Tuesday, February 28, 2012
Gambling bill died. But you guessed it, it’s alive again. Never bet a bill will stay dead.
by Larry Geller
If you’ve got clout at the Senate—which leaves most ordinary citizens out—they’ll bend or break the rules for you.
Here’s another bill that died and is now among the “undead.”
The gambling folks and their lobbyists have clout. Yet legislators know that many (most?) of their constituents oppose legalizing gambling in Hawaii. So SB2893, which would establish a gambling task force, missed the first lateral deadline and was dead. Dead dead. Which means nothing anymore, it seems.

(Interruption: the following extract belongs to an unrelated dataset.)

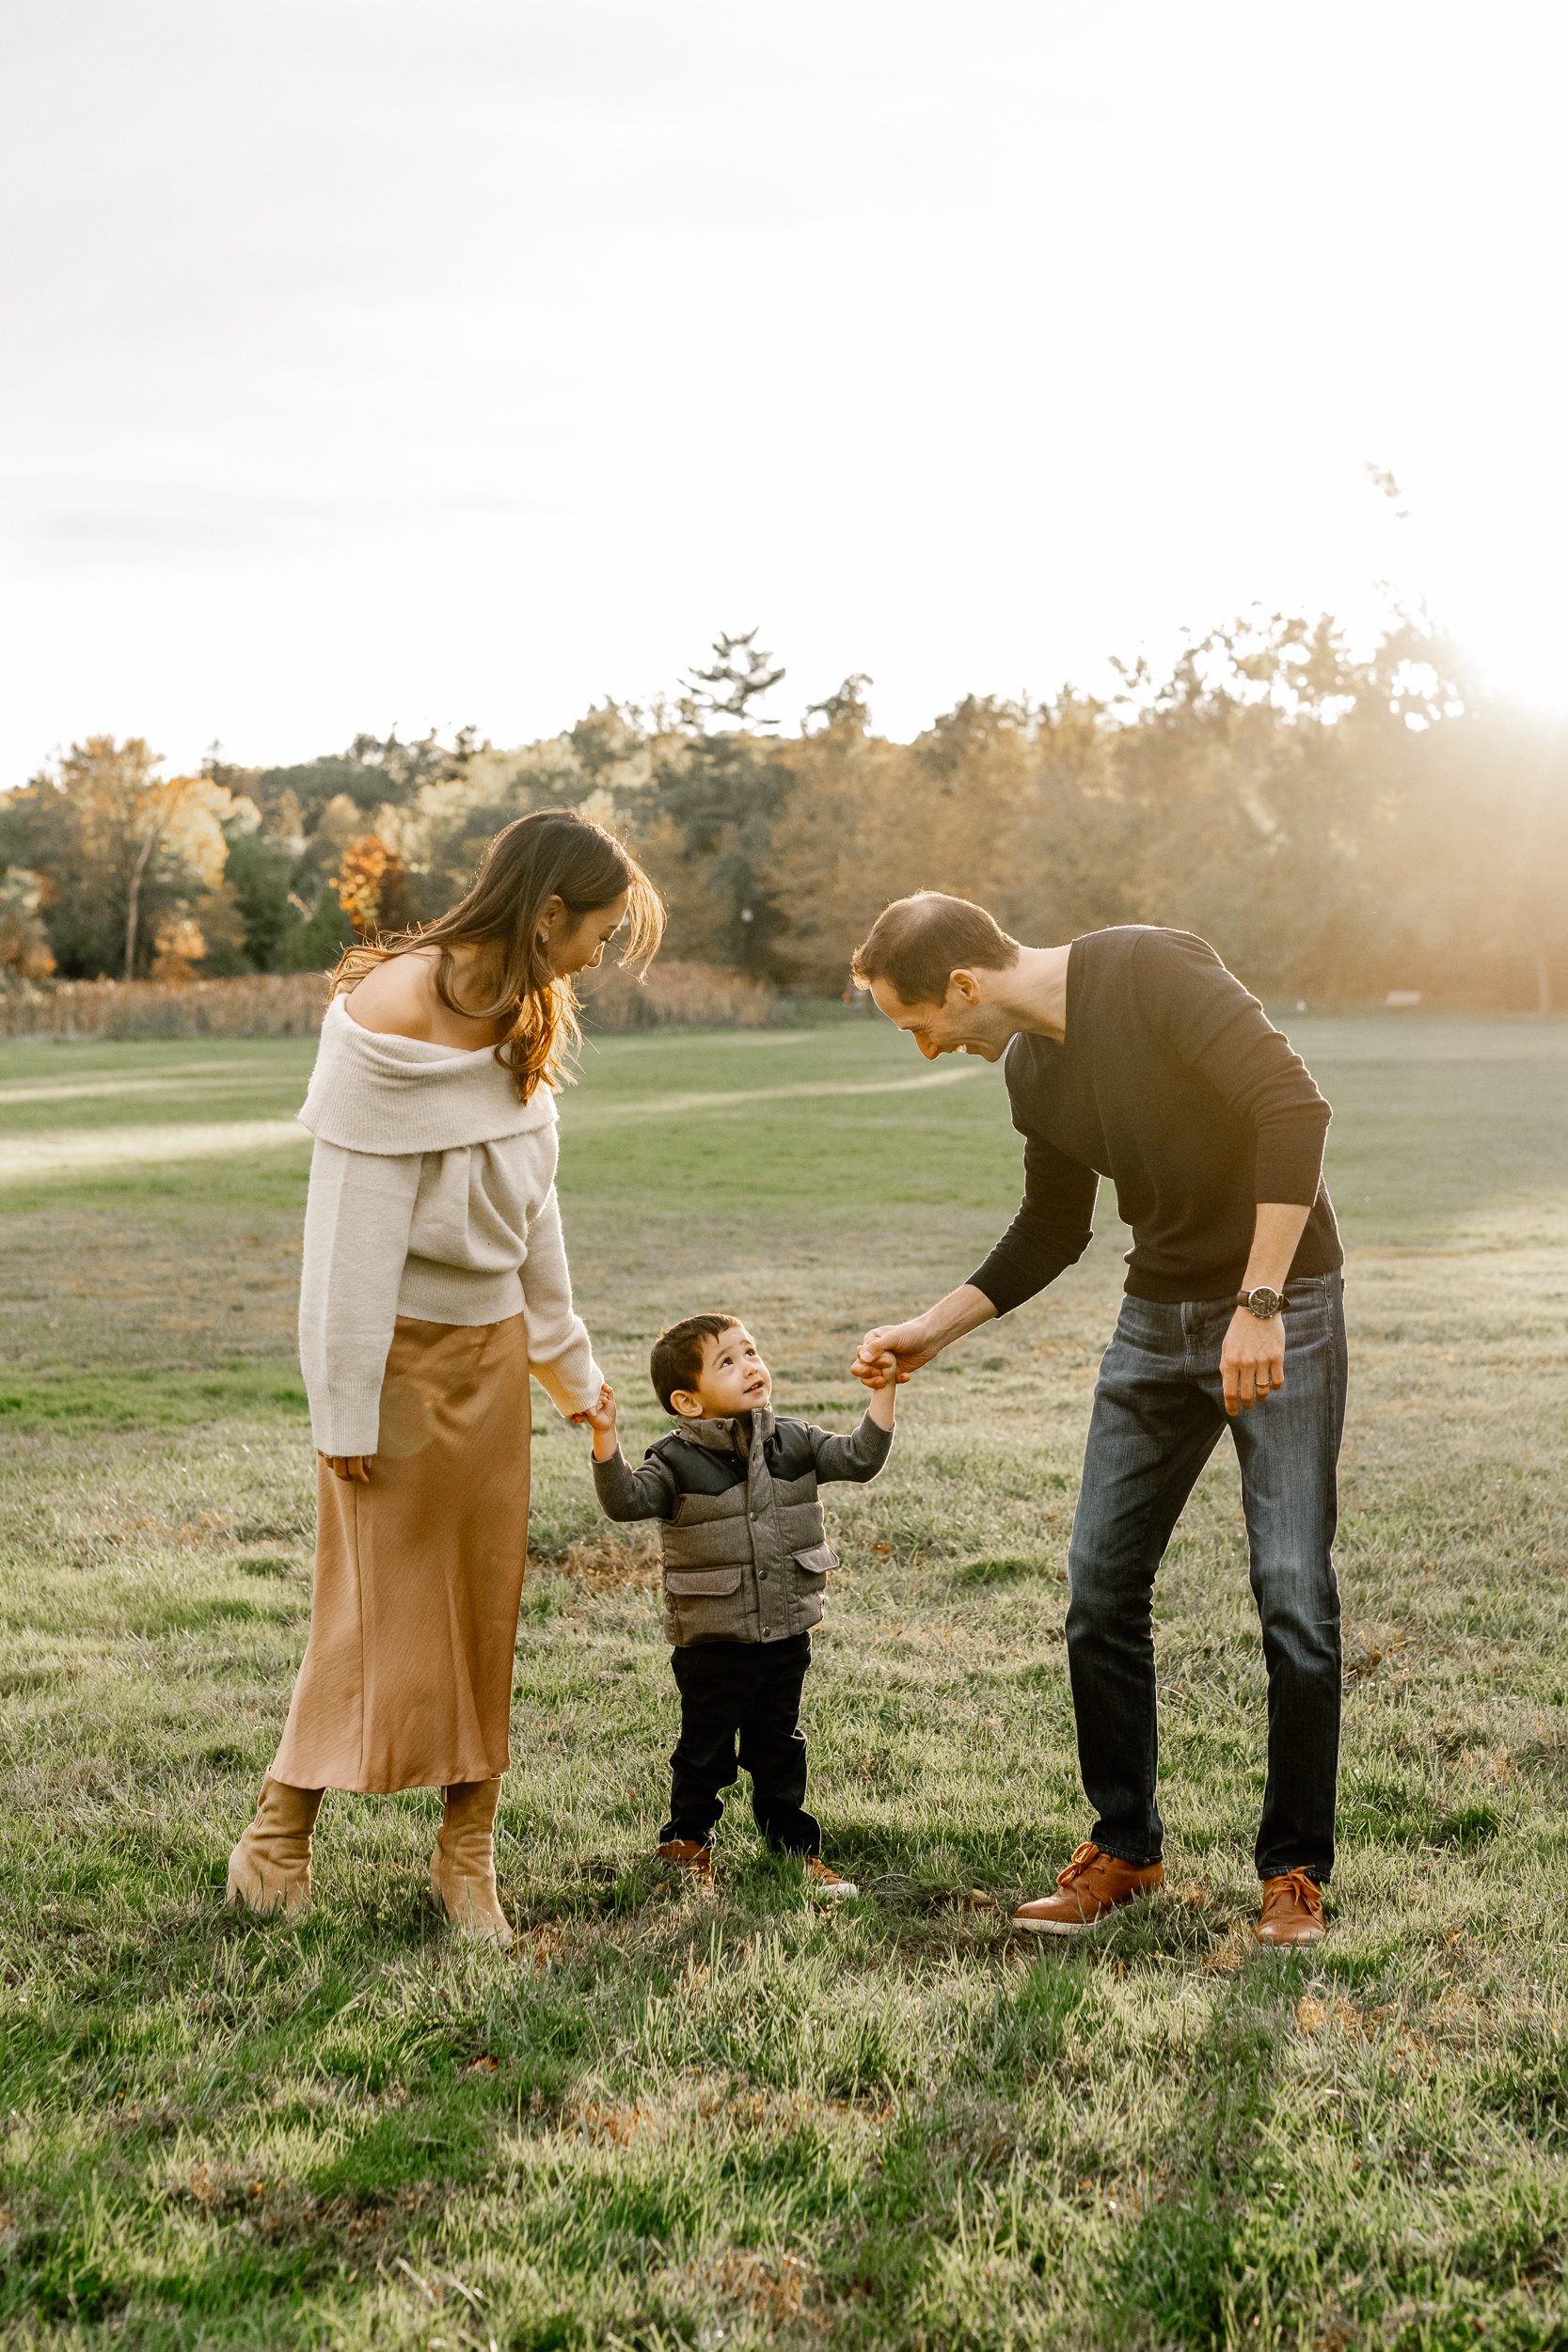  In New Jersey, a mother and father grab onto their son's hands and walk with him next to the fall foliage by Nicole Hawkins Photography. NJ fall family photos parents with child one-child family pictures&nbsp; #nicolehawkinsphotography #nicolehawkin

Of course, if it were a bill without big money, big influence, big lobbyists behind it, we ordinary folks would be told, “Gee, I’m sorry, your bill didn’t make it this session. Try again next year.”
So SB2893 walks the halls of the State Capitol once gain. It will have a hearing tomorrow, Wednesday, at 10:15 a.m. The hearing notice is here. Two committees will hear it at once, and that will be it for the Senate. They’ll sprinkle it with holy water and it will freshen up and cross over to the House.
You can easily submit testimony, or even call or email members of the two committees (WAM and EDT). To submit testimony, go to the link for the bill. At the top is a box you check, and then you can type in your testimony.
Zombie bills are hard to kill. If the Senate leadership wants it to live again, they want it passed. It takes lots of testimony to drive a stake into the heart of a bad bill if the leadership is insistent.
Just as an example, the testimony not to cut funding for public access television was overwhelming, yet the House Finance Committee passed it anyway. See: Another “zombie” bill brought back to life over the weekend and aimed at public access tv funding (2/26/2012). Thanks to all the readers who sent in testimony! Heck, it might have worked. Please don’t be discouraged.
I’ve been asked if it is legal to bring back these bills from the dead. It appears to be legal, if sneaky and underhanded. The Senate makes its own rules, and it can break its own rules. Some things are protected by the Hawaii State Constitution, but not the revival of dead bills. If they want to mess around with us, they can.